- Supplied material:
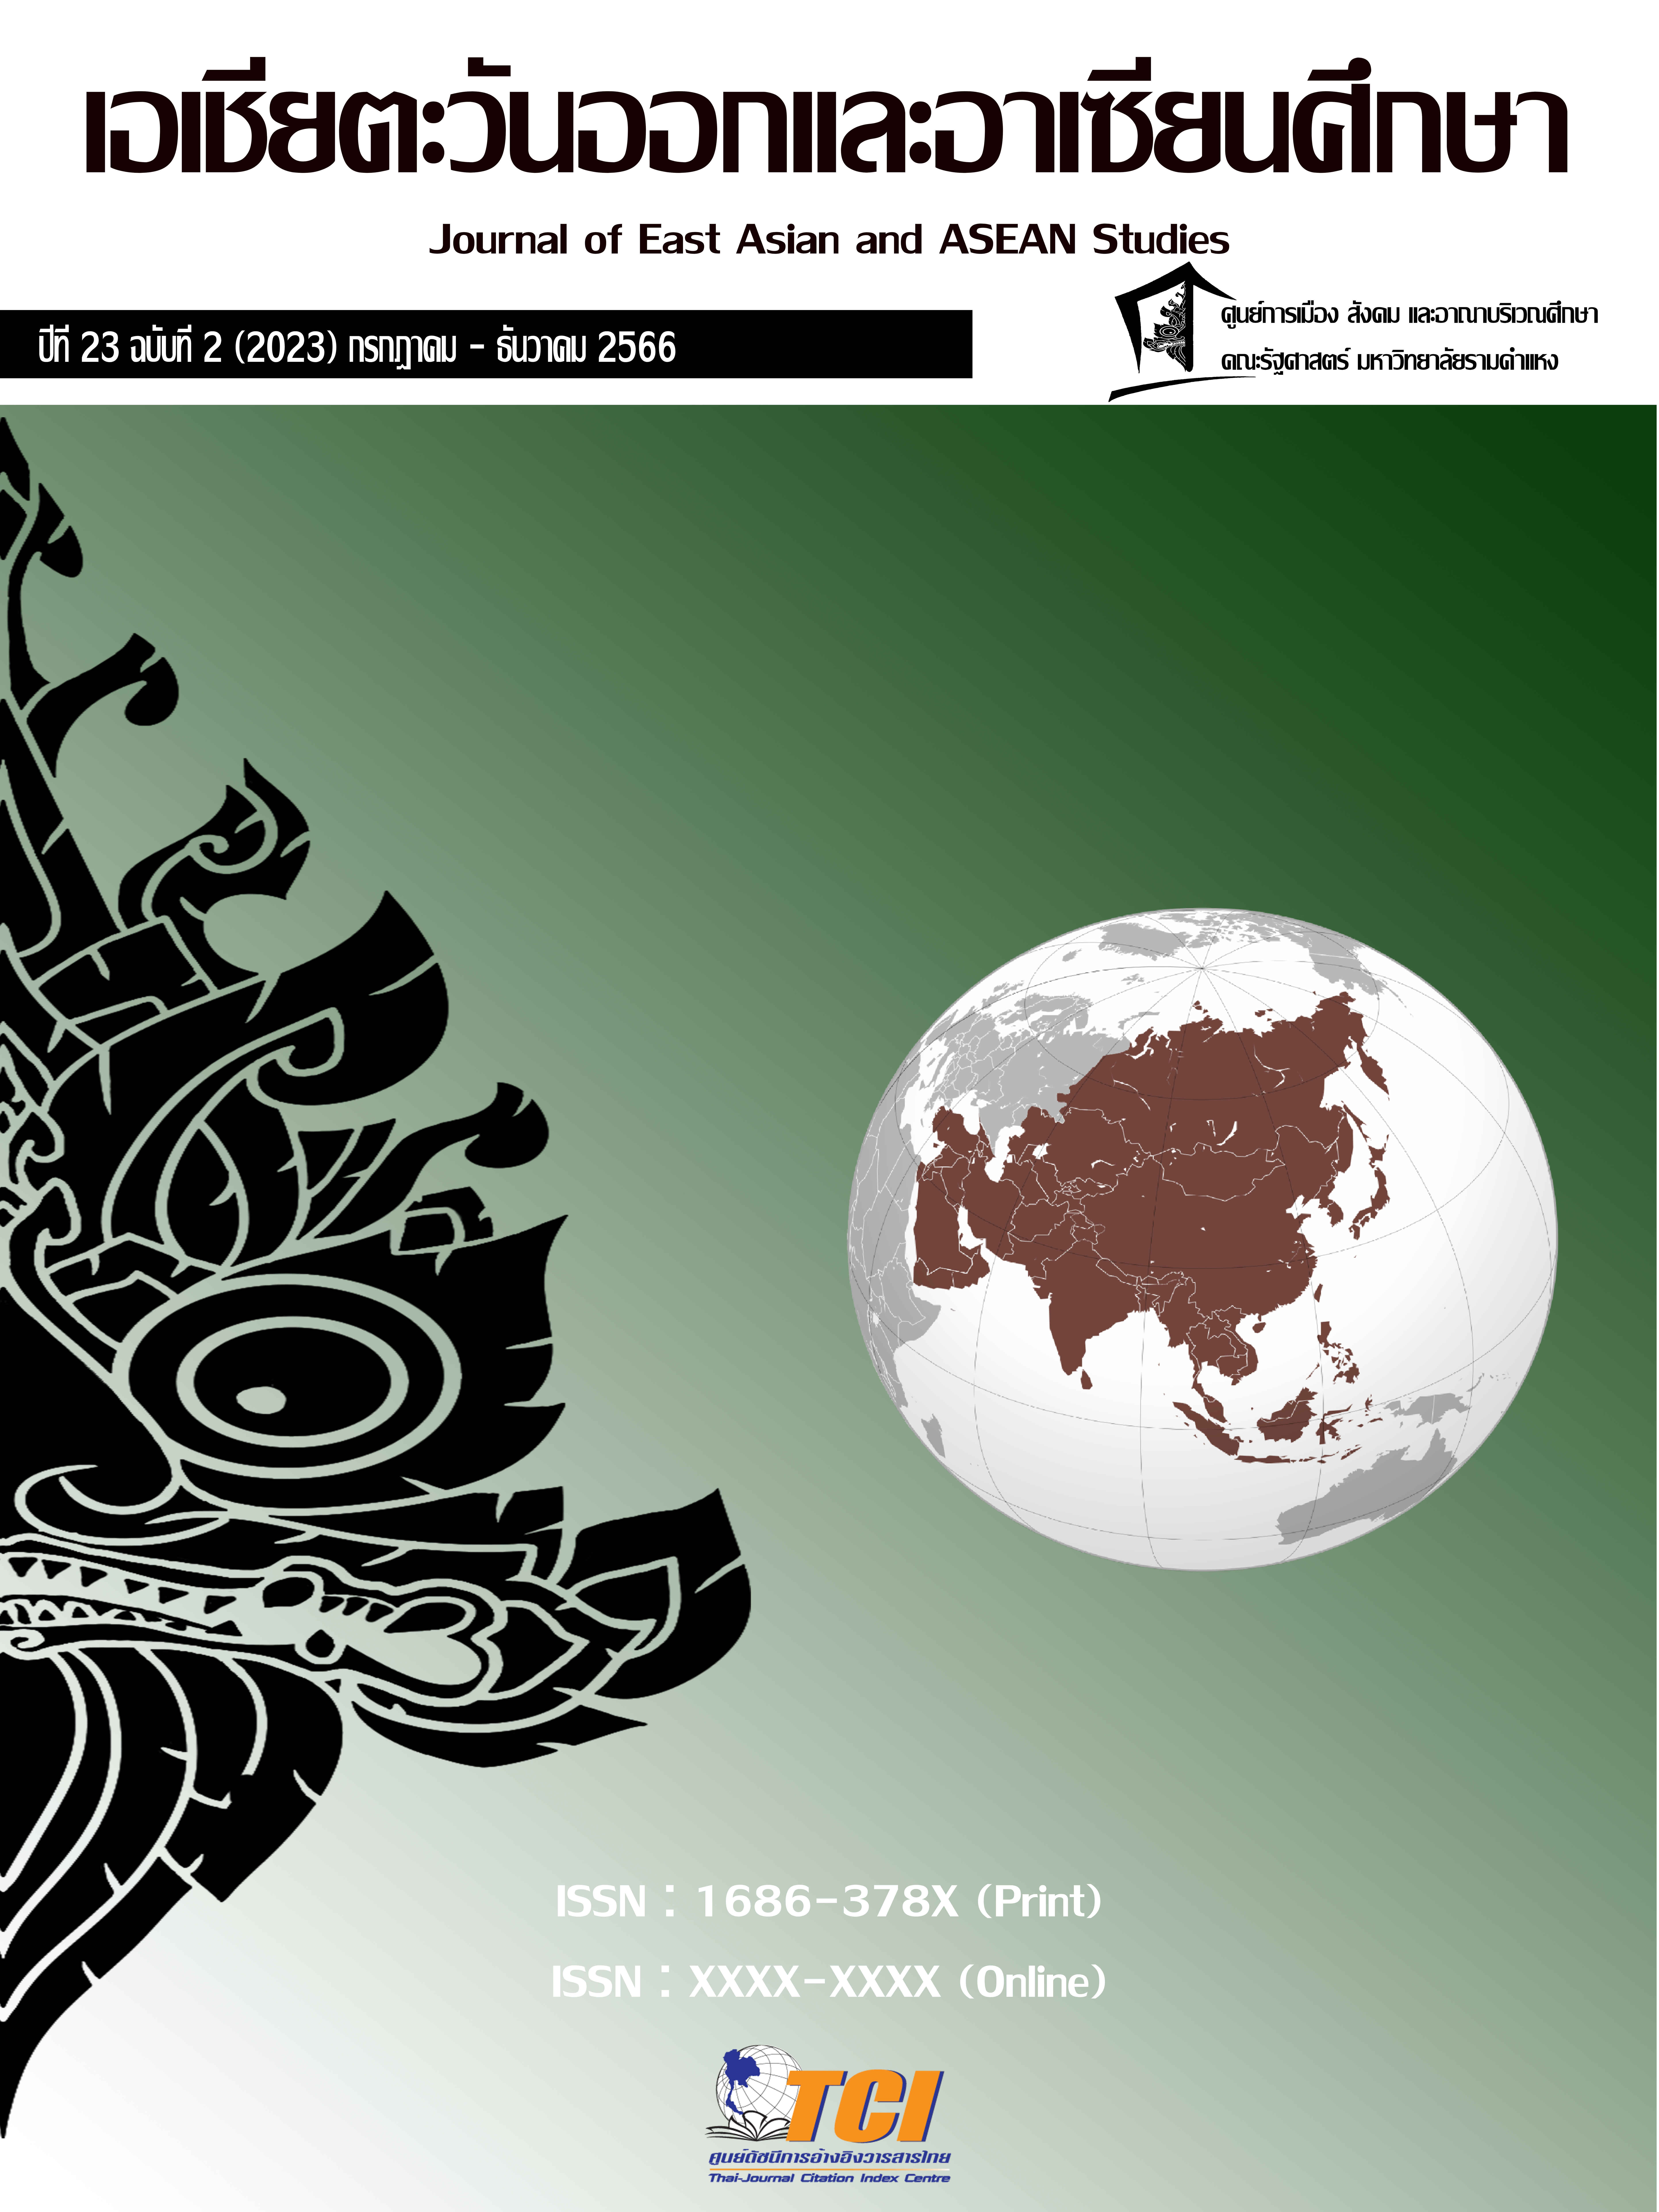 					ดู ปีที่ 23 ฉบับที่ 2 (2023): วารสารเอเชียตะวันออกเเละอาเซียนศึกษา
				
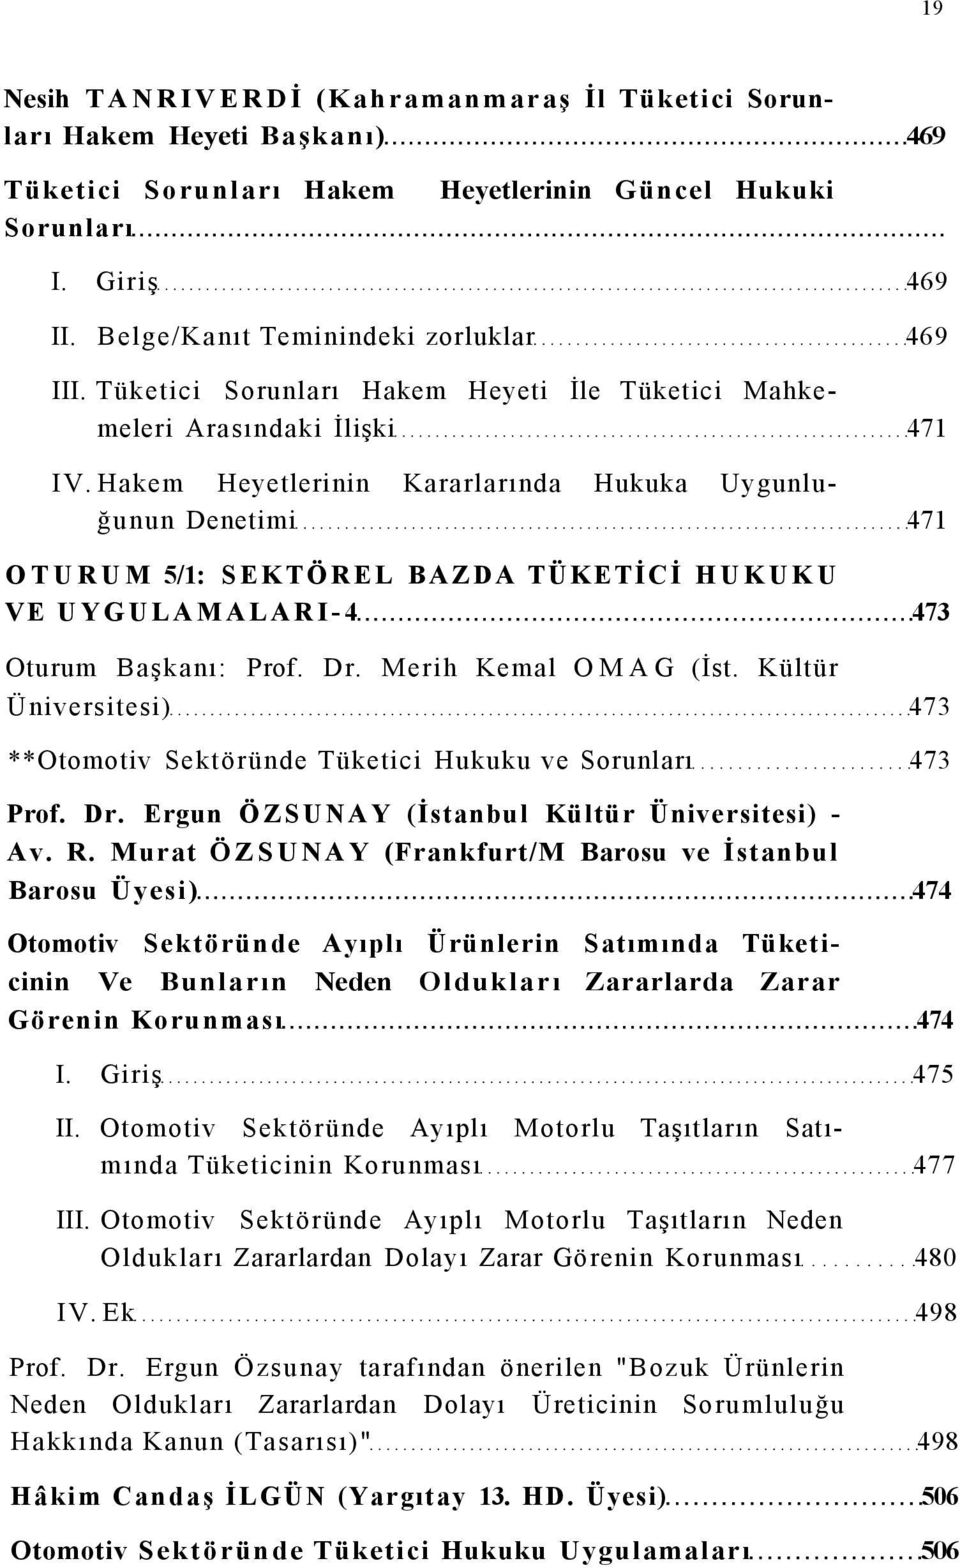 Hakem Heyetlerinin Kararlarında Hukuka Uygunluğunun Denetimi 471 OTURUM 5/1: SEKTÖREL BAZDA TÜKETİCİ HUKUKU VE UYGULAMALARI-4 473 Oturum Başkanı: Prof. Dr. Merih Kemal OMAG (İst.
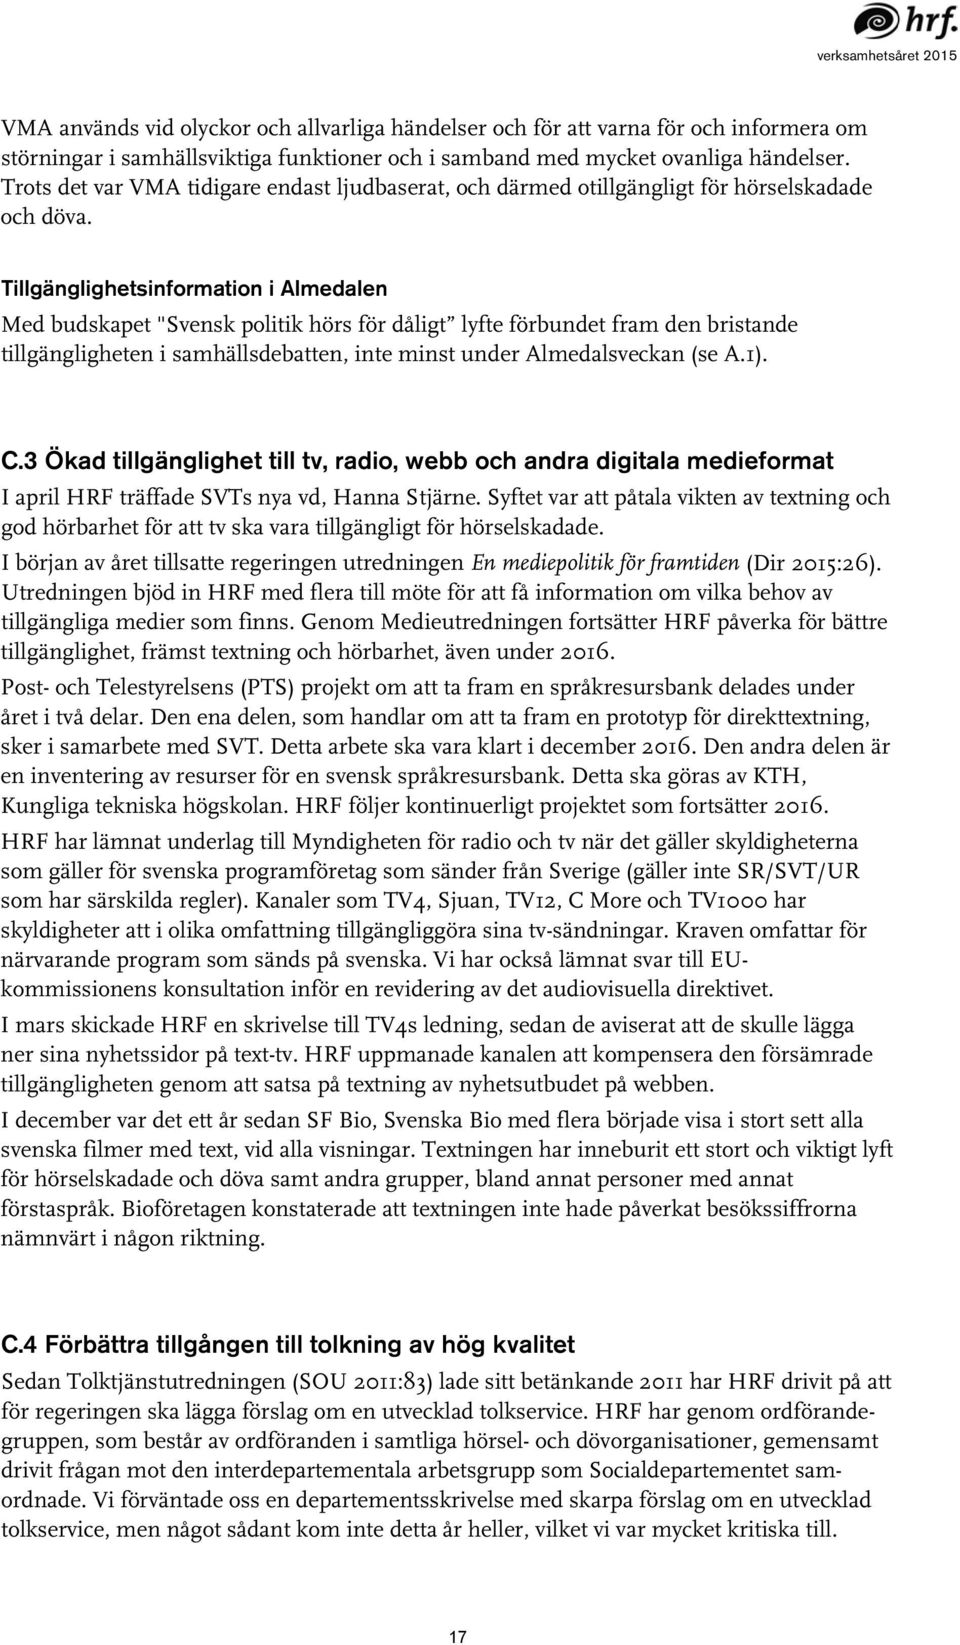 Tillgänglighetsinformation i Almedalen Med budskapet "Svensk politik hörs för dåligt lyfte förbundet fram den bristande tillgängligheten i samhällsdebatten, inte minst under Almedalsveckan (se A.1).

- What to work on:
Write out the material above exactly. Skip the pictures.

- Exercise output:
 					ดู ปีที่ 23 ฉบับที่ 2 (2023): วารสารเอเชียตะวันออกเเละอาเซียนศึกษา
				
 Hakem Heyetlerinin Kararlarında Hukuka Uygunluğunun Denetimi 471 OTURUM 5/1: SEKTÖREL BAZDA TÜKETİCİ HUKUKU VE UYGULAMALARI-4 473 Oturum Başkanı: Prof. Dr. Merih Kemal OMAG (İst.
 Tillgänglighetsinformation i Almedalen Med budskapet "Svensk politik hörs för dåligt lyfte förbundet fram den bristande tillgängligheten i samhällsdebatten, inte minst under Almedalsveckan (se A.1).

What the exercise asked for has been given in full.